## Work instruction
Once the pictures are set aside, transcribe each line of the data exactly.

═════ Data ═════

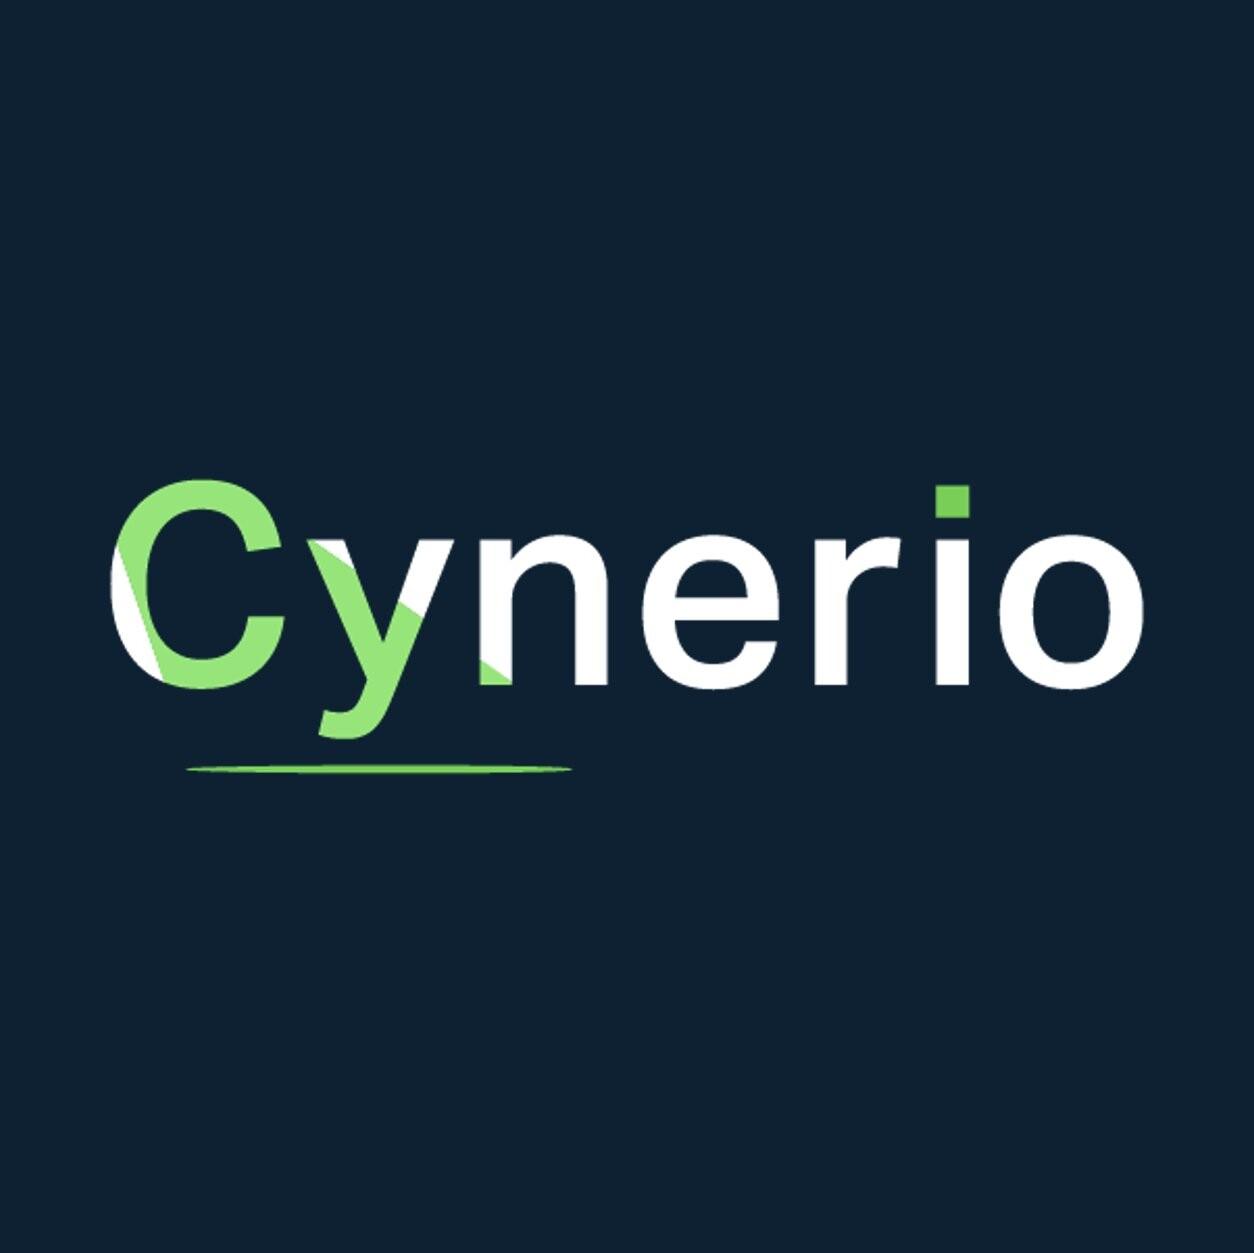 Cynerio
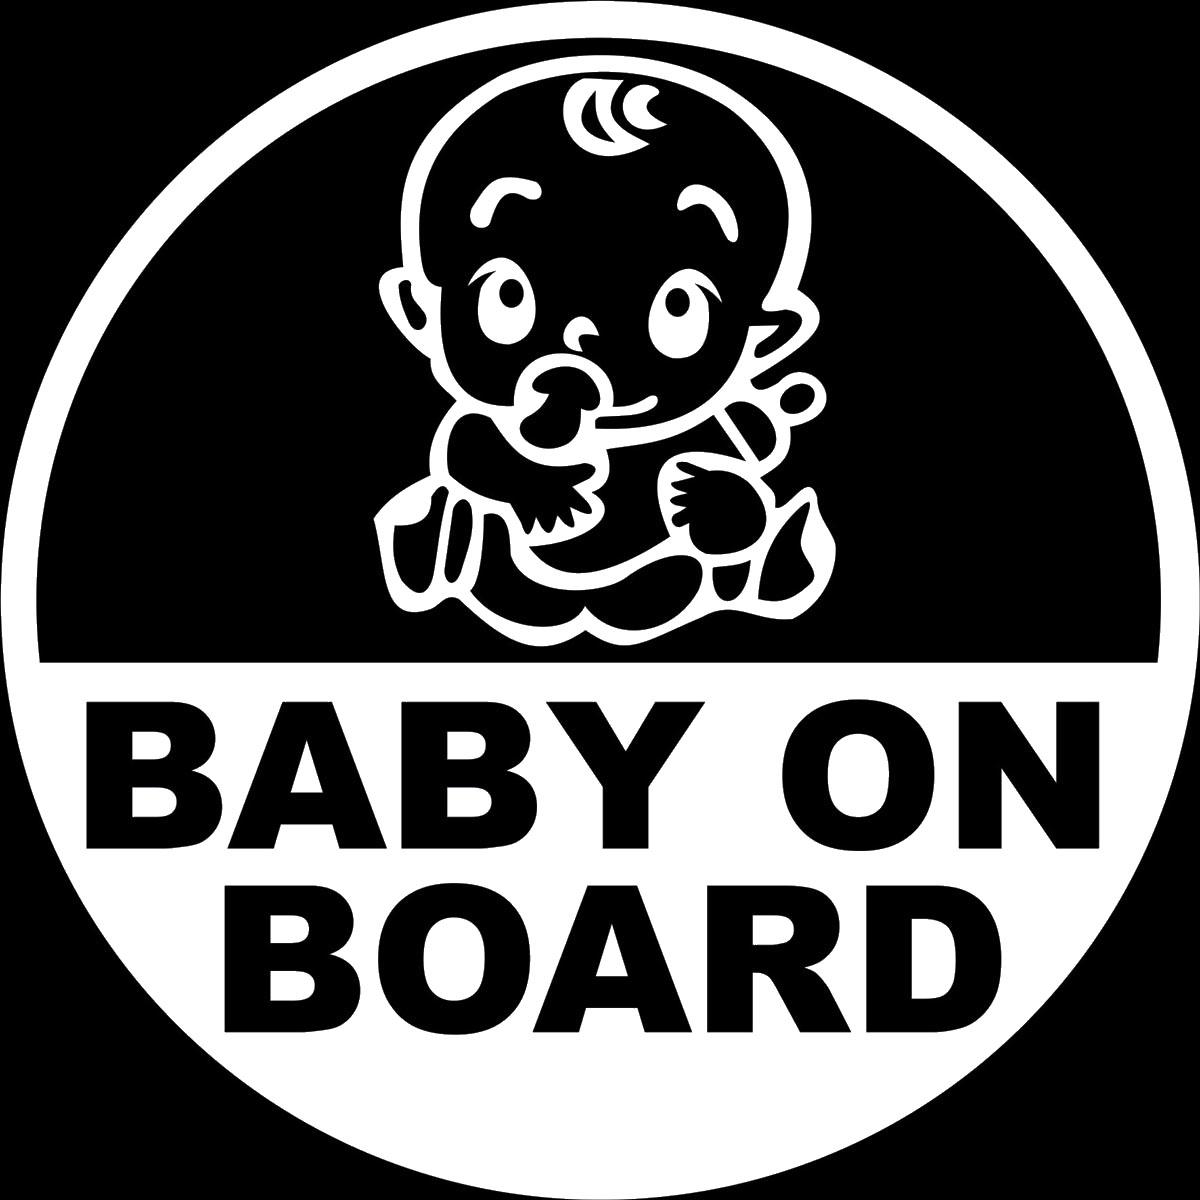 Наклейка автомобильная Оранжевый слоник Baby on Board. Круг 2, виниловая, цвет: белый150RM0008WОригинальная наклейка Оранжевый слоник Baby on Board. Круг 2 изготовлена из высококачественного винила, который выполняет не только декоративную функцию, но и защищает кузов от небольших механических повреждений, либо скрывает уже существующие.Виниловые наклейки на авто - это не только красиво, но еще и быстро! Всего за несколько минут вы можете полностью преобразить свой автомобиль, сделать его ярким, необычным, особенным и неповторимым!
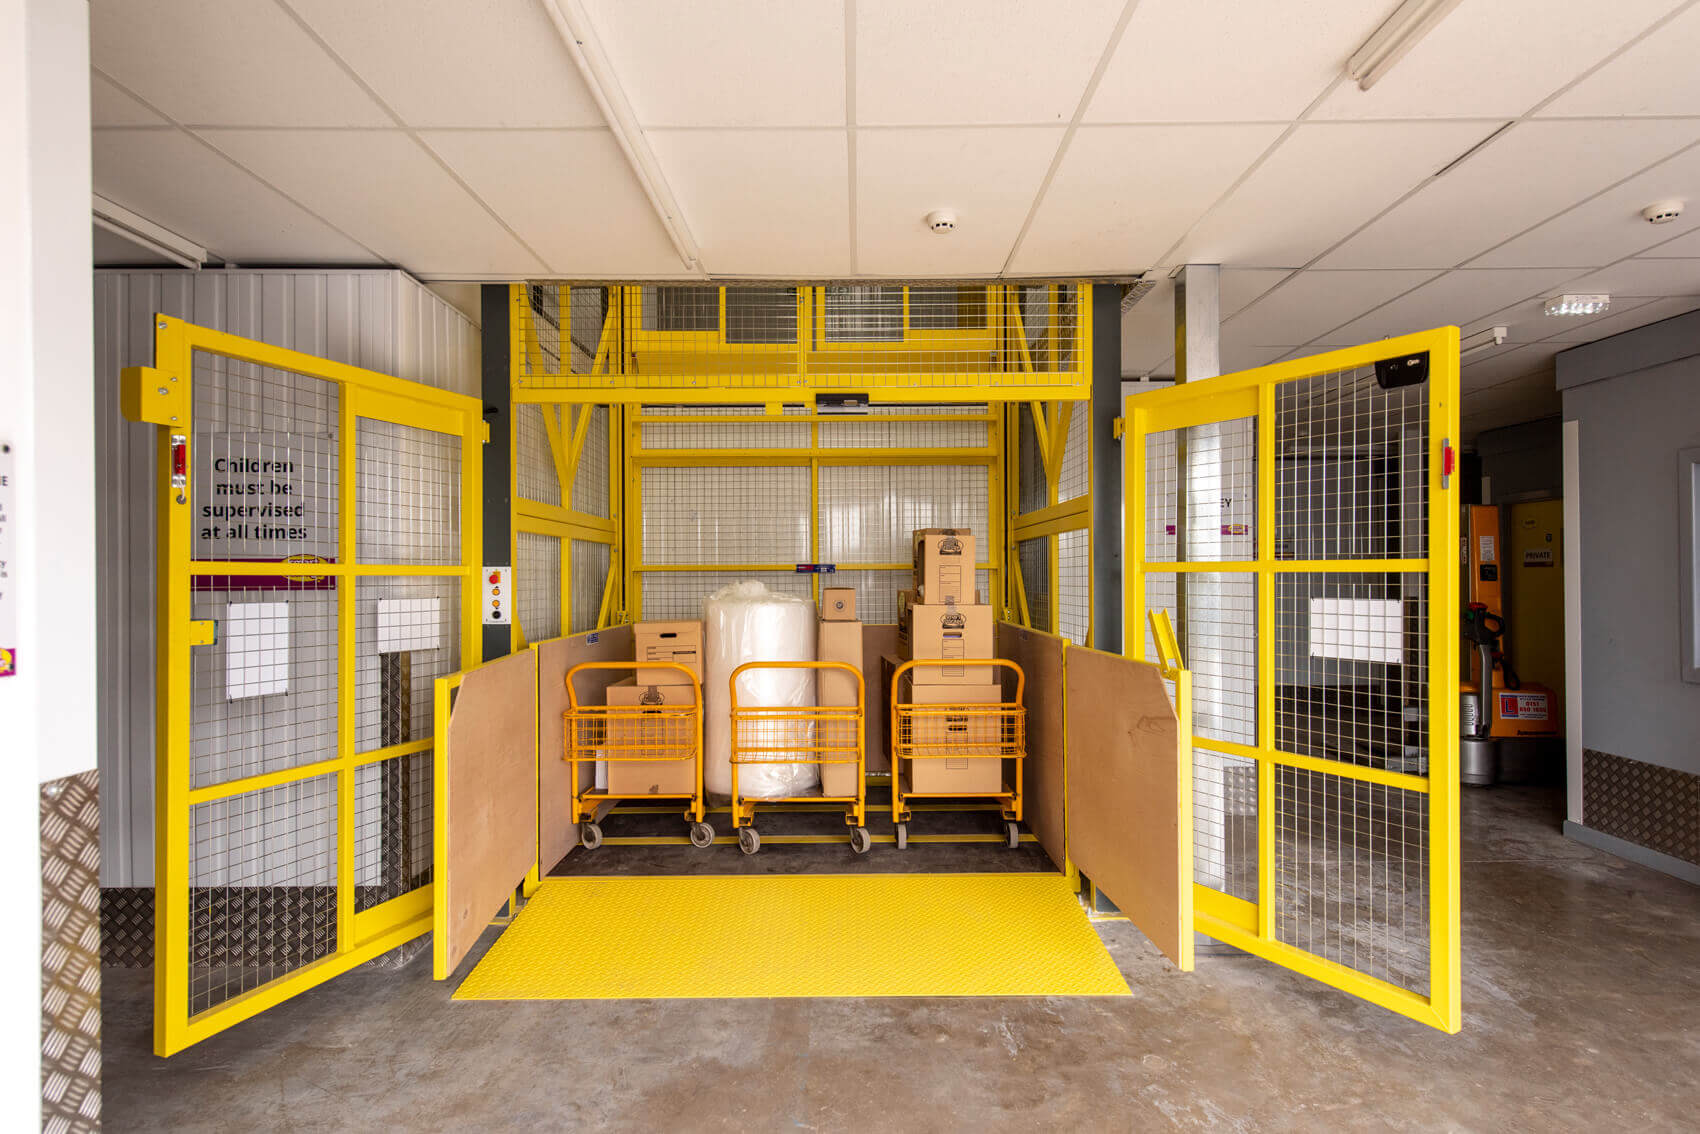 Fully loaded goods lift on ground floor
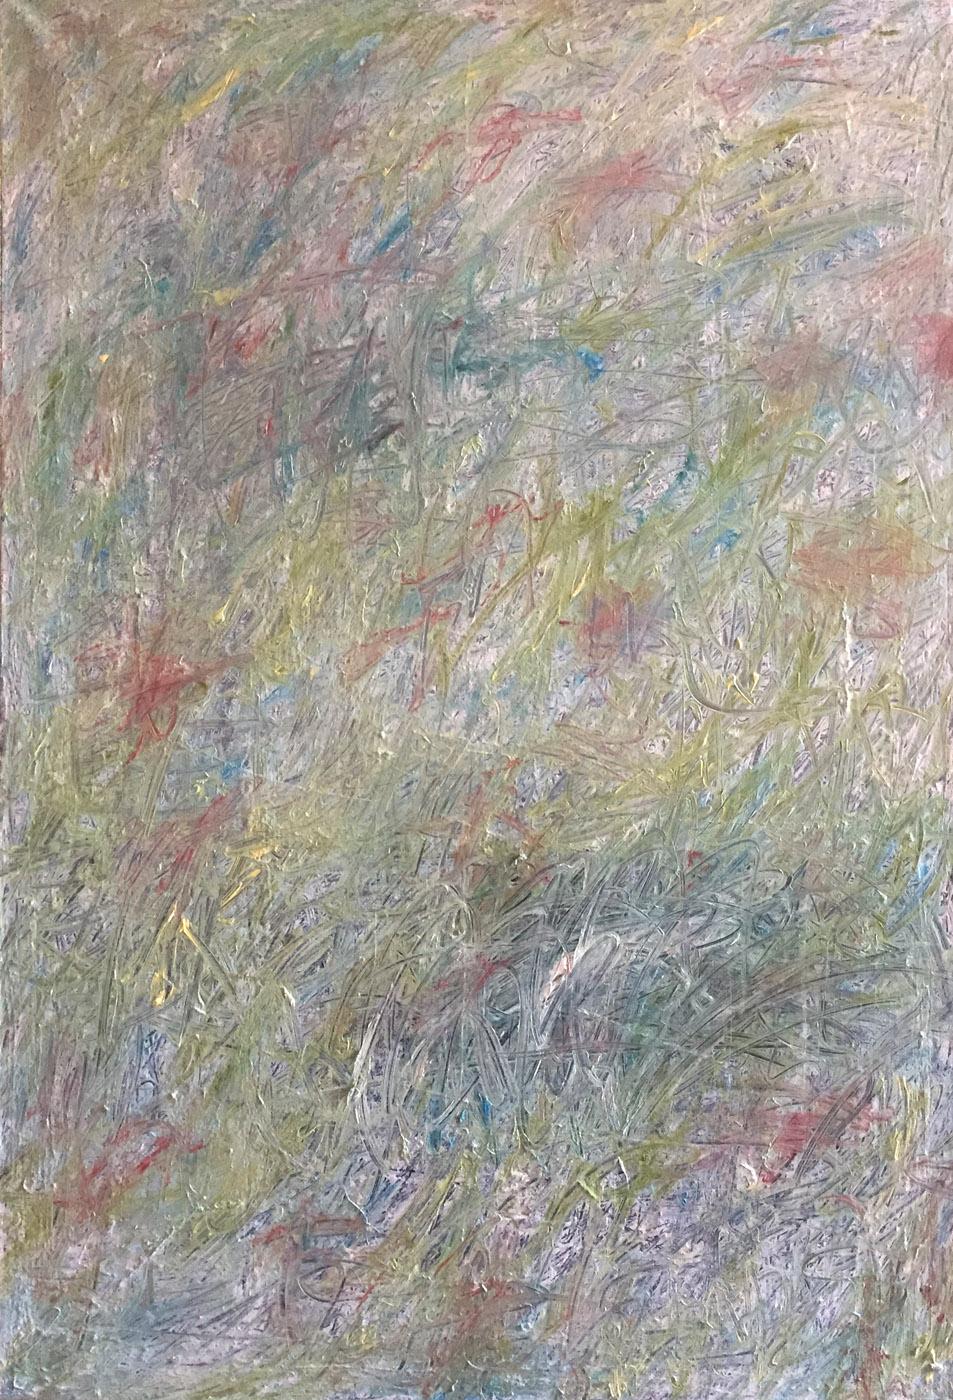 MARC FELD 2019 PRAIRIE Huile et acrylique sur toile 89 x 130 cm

═════

## Answer space
 Cynerio
 Наклейка автомобильная Оранжевый слоник Baby on Board. Круг 2, виниловая, цвет: белый150RM0008WОригинальная наклейка Оранжевый слоник Baby on Board. Круг 2 изготовлена из высококачественного винила, который выполняет не только декоративную функцию, но и защищает кузов от небольших механических повреждений, либо скрывает уже существующие.Виниловые наклейки на авто - это не только красиво, но еще и быстро! Всего за несколько минут вы можете полностью преобразить свой автомобиль, сделать его ярким, необычным, особенным и неповторимым!
 Fully loaded goods lift on ground floor
 MARC FELD 2019 PRAIRIE Huile et acrylique sur toile 89 x 130 cm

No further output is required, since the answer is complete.